***** Records provided

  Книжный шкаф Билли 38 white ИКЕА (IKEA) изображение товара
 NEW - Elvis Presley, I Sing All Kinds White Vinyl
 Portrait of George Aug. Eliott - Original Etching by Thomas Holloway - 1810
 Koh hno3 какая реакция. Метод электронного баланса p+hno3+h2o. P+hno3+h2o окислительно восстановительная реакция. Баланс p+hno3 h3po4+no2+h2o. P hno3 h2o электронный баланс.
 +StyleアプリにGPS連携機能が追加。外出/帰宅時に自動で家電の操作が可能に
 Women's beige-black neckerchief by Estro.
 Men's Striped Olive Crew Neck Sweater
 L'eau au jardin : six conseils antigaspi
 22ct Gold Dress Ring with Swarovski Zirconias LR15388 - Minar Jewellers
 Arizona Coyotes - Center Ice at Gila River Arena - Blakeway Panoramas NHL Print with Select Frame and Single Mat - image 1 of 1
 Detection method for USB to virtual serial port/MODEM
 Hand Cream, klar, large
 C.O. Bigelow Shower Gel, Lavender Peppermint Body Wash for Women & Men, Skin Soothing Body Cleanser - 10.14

**********

▶ [Your instructions] All lines of the data above must be returned exactly.

▶ [Reply to the exercise]
  Книжный шкаф Билли 38 white ИКЕА (IKEA) изображение товара
 NEW - Elvis Presley, I Sing All Kinds White Vinyl
 Portrait of George Aug. Eliott - Original Etching by Thomas Holloway - 1810
 Koh hno3 какая реакция. Метод электронного баланса p+hno3+h2o. P+hno3+h2o окислительно восстановительная реакция. Баланс p+hno3 h3po4+no2+h2o. P hno3 h2o электронный баланс.
 +StyleアプリにGPS連携機能が追加。外出/帰宅時に自動で家電の操作が可能に
 Women's beige-black neckerchief by Estro.
 Men's Striped Olive Crew Neck Sweater
 L'eau au jardin : six conseils antigaspi
 22ct Gold Dress Ring with Swarovski Zirconias LR15388 - Minar Jewellers
 Arizona Coyotes - Center Ice at Gila River Arena - Blakeway Panoramas NHL Print with Select Frame and Single Mat - image 1 of 1
 Detection method for USB to virtual serial port/MODEM
 Hand Cream, klar, large
 C.O. Bigelow Shower Gel, Lavender Peppermint Body Wash for Women & Men, Skin Soothing Body Cleanser - 10.14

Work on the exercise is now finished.